### What the task requires
Every line of the material is to be returned verbatim. Pictures stay out.

### Supplied data
============================================================
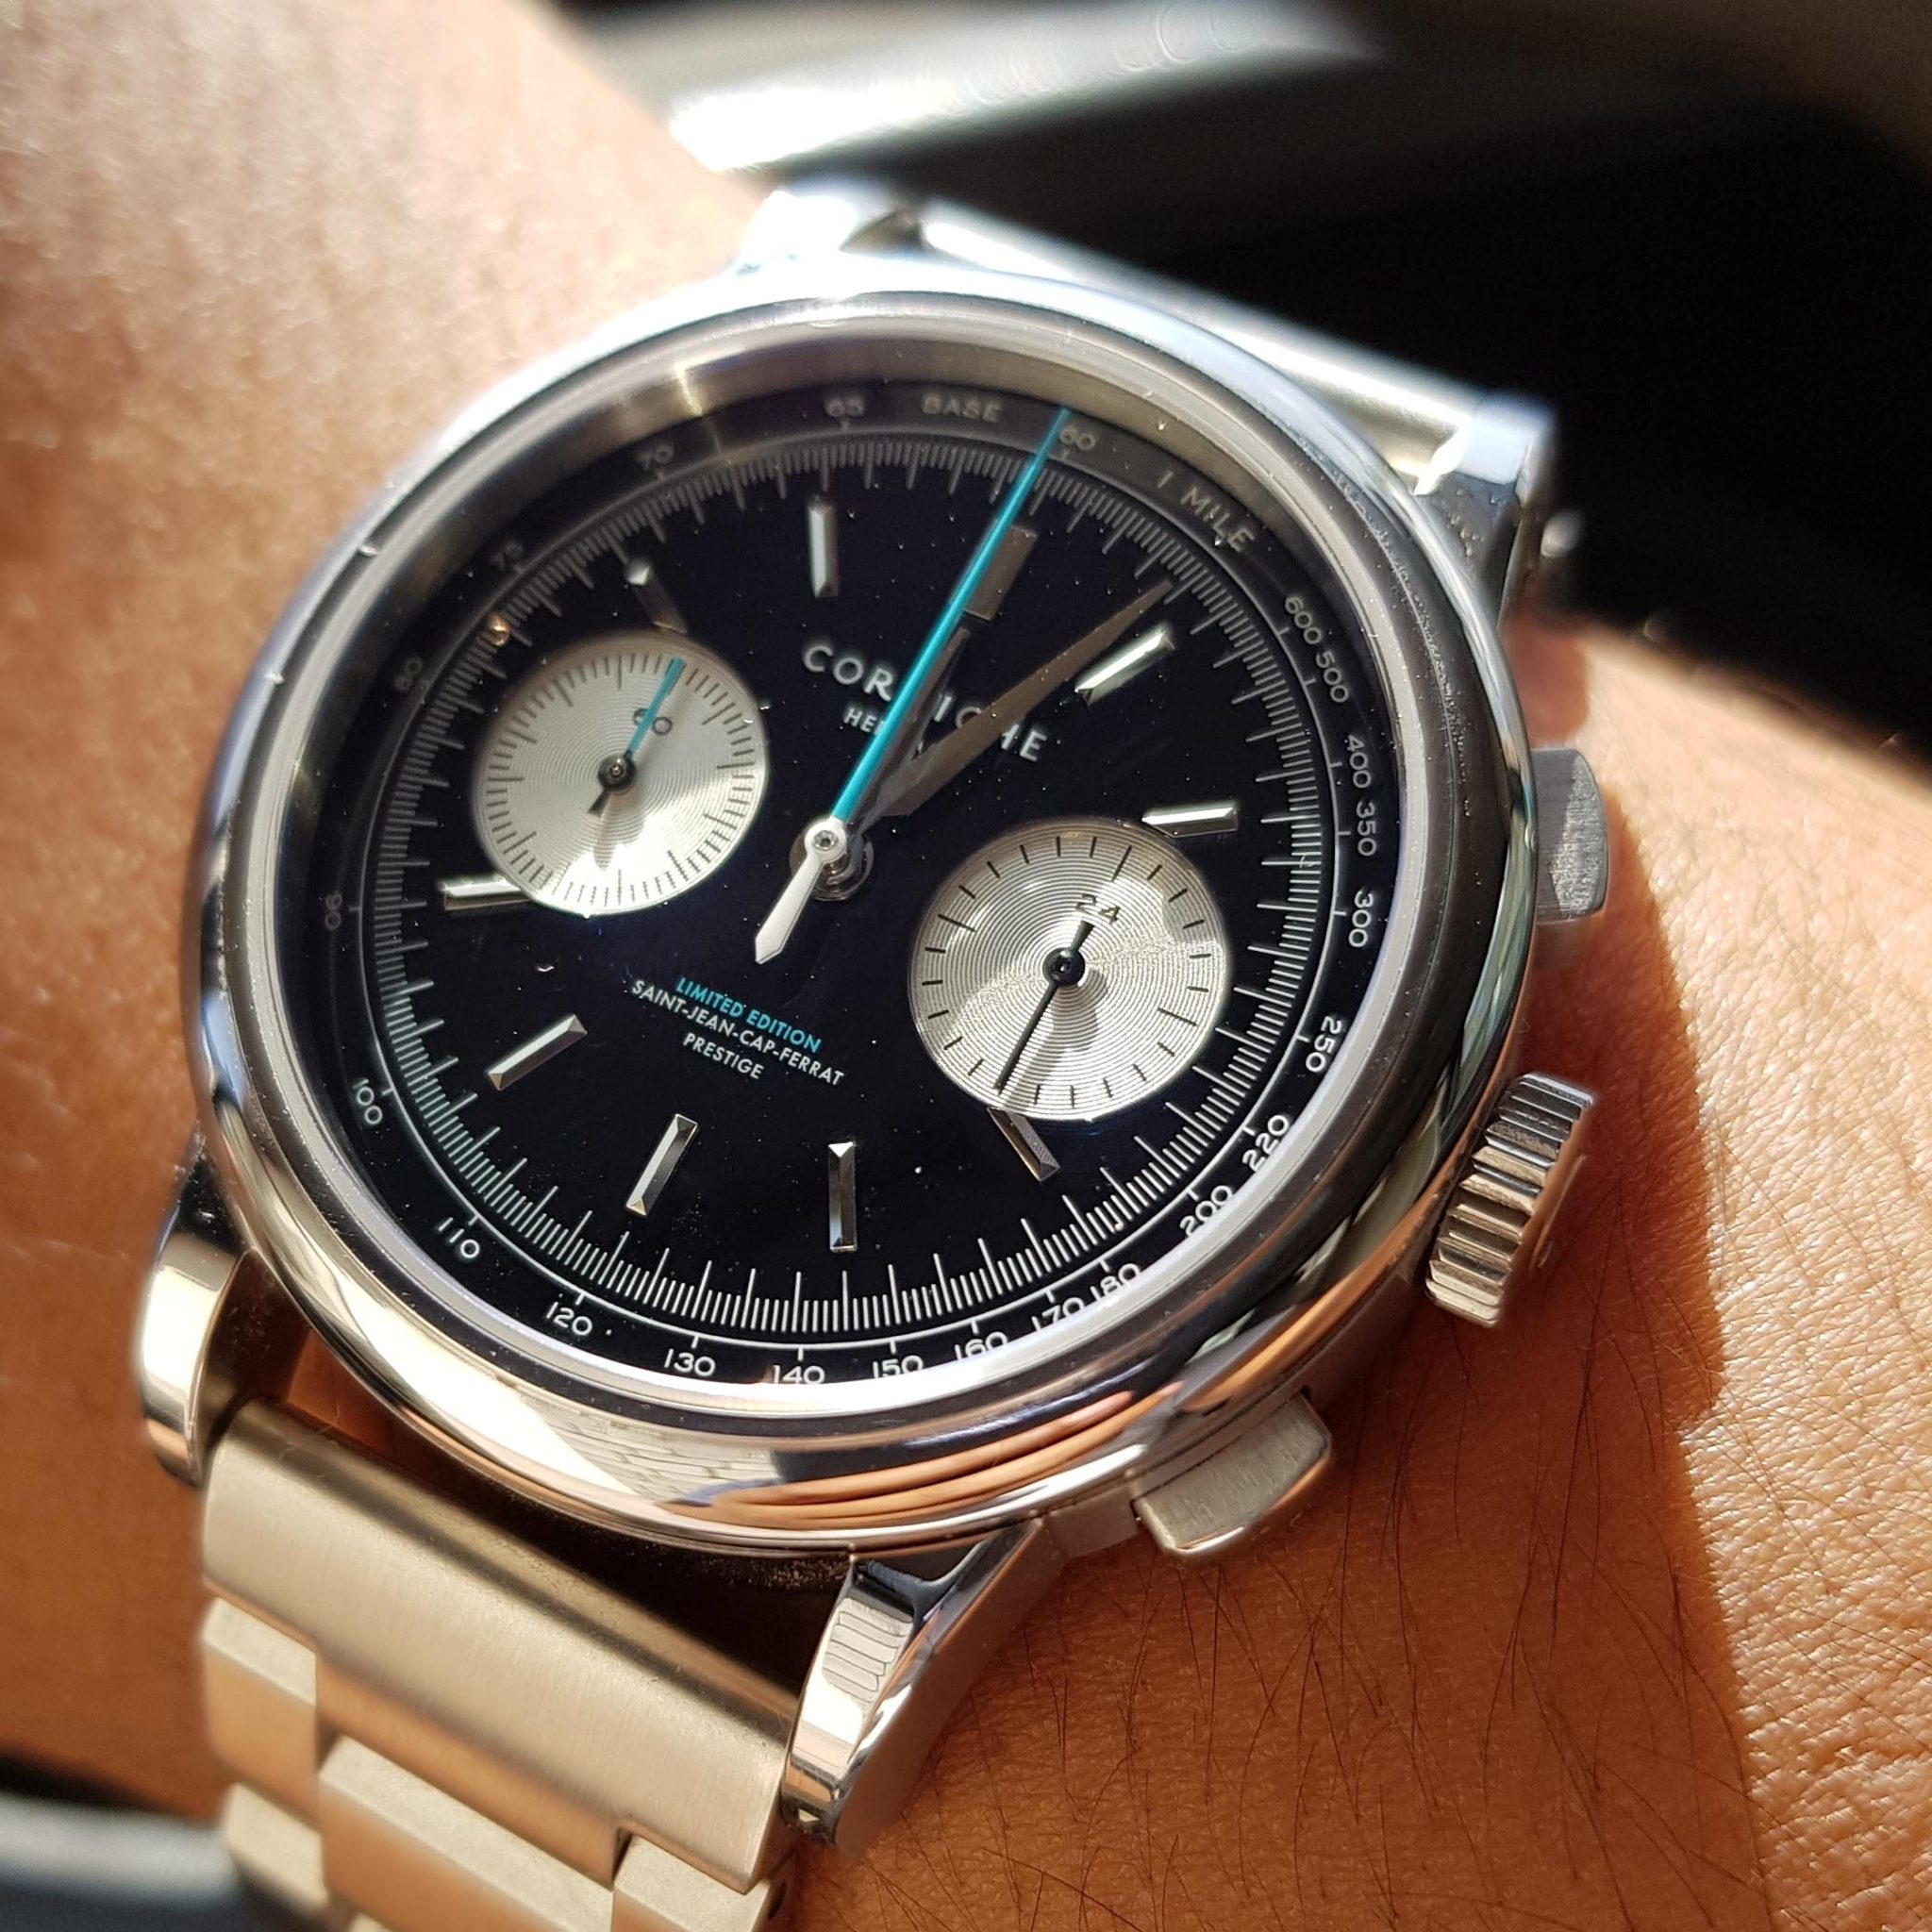 Owner Review: The only sun in the UK summer a Corniche Chronograph
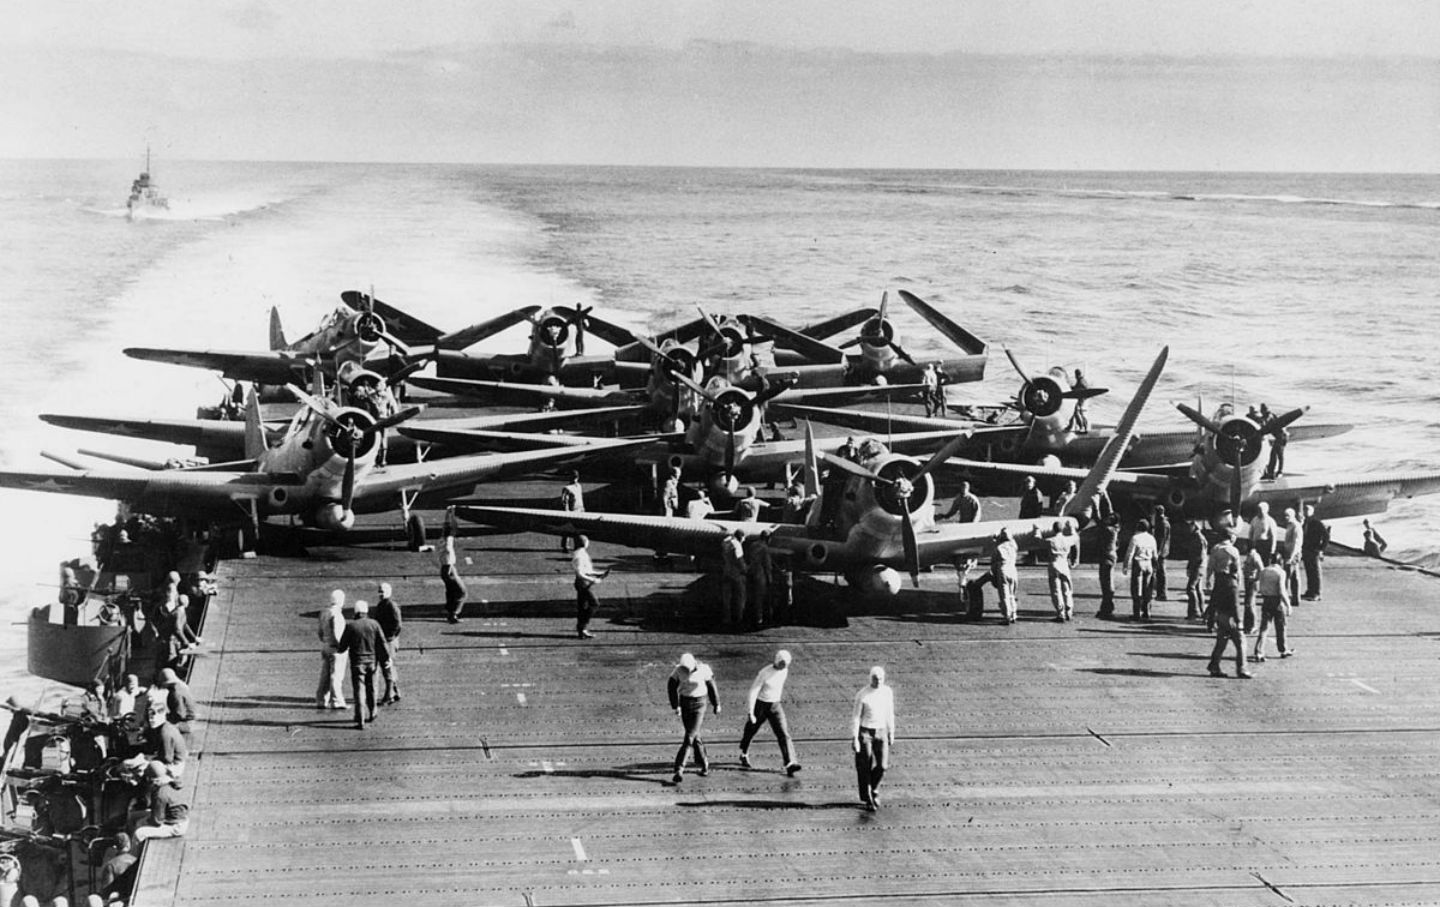 June 7, 1942: Battle of Midway Ends in Allied Victory | The Nation
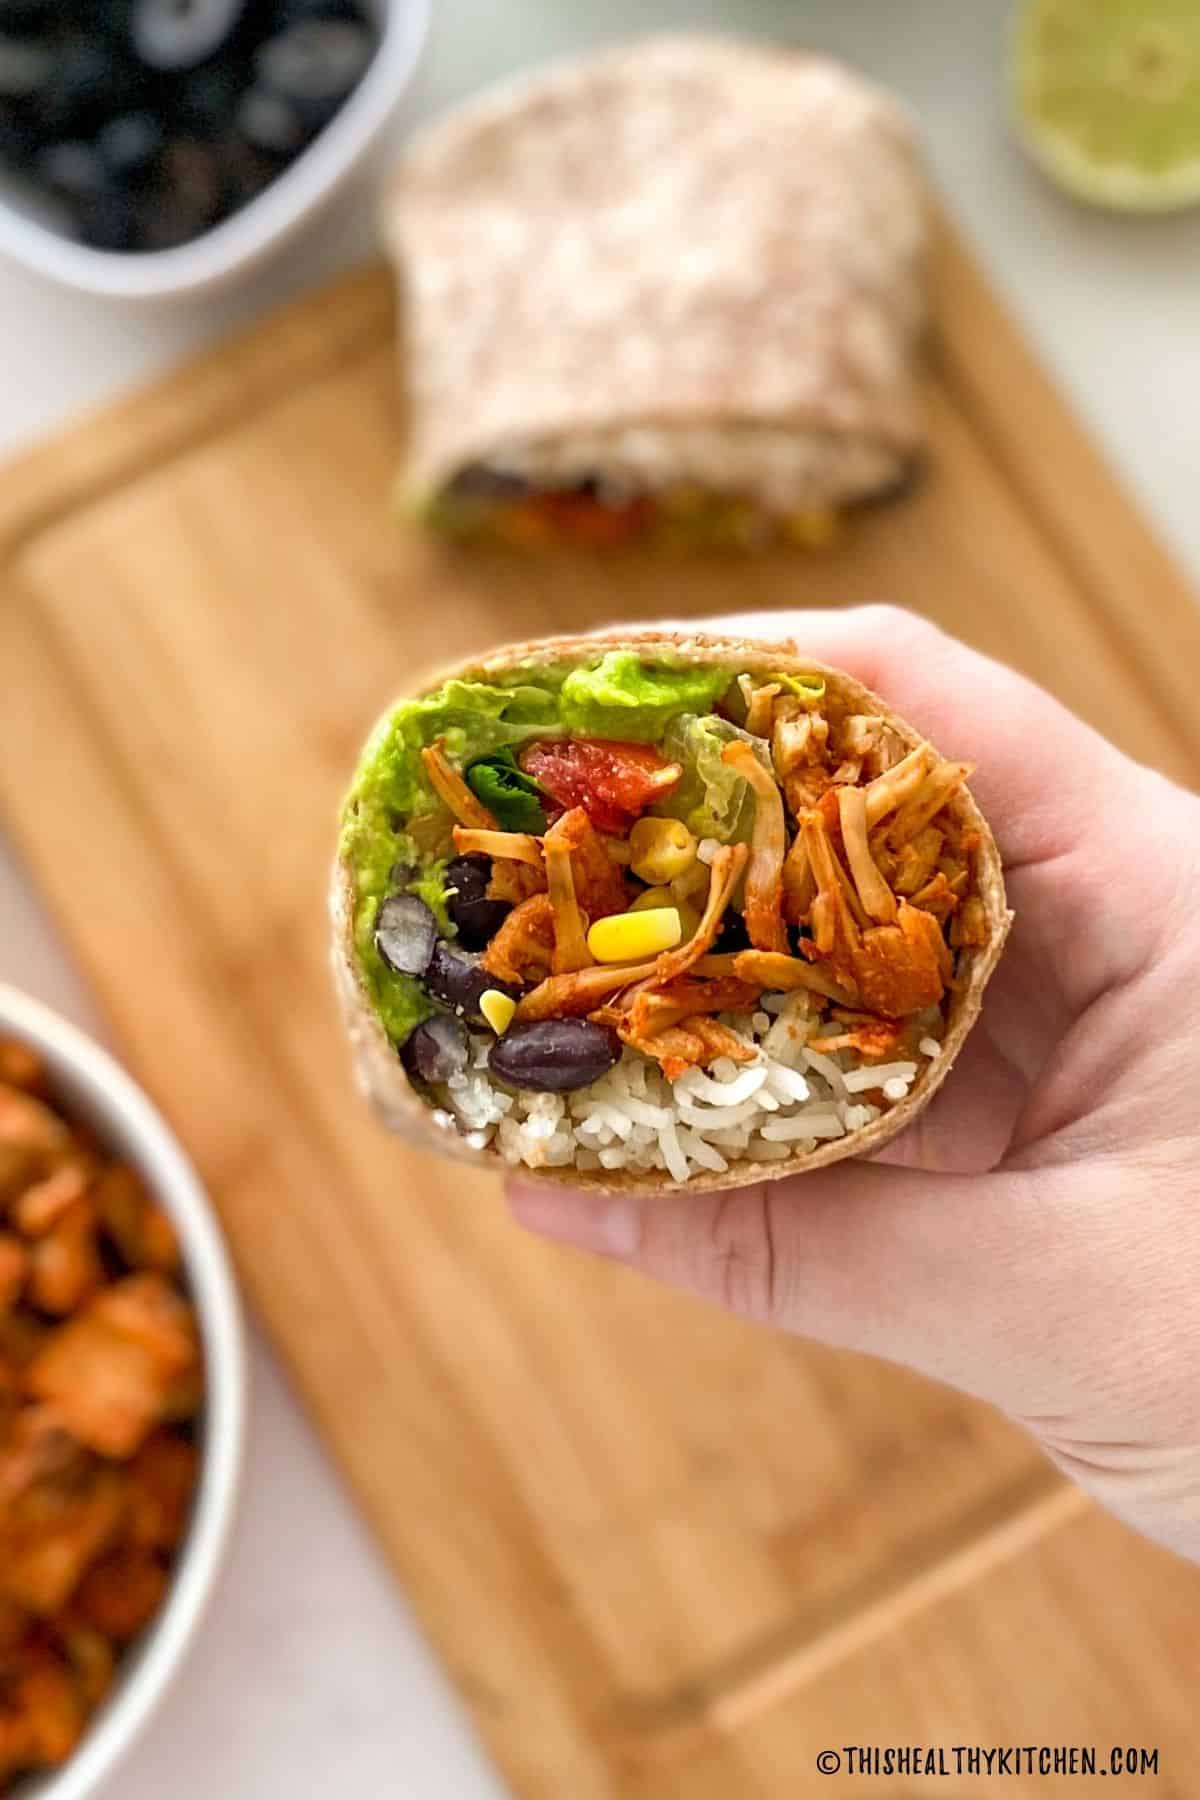 Halved vegan burrito held up in hand with remaining half on cutting board below.
============================================================
### Result of this task
 Owner Review: The only sun in the UK summer a Corniche Chronograph
 June 7, 1942: Battle of Midway Ends in Allied Victory | The Nation
 Halved vegan burrito held up in hand with remaining half on cutting board below.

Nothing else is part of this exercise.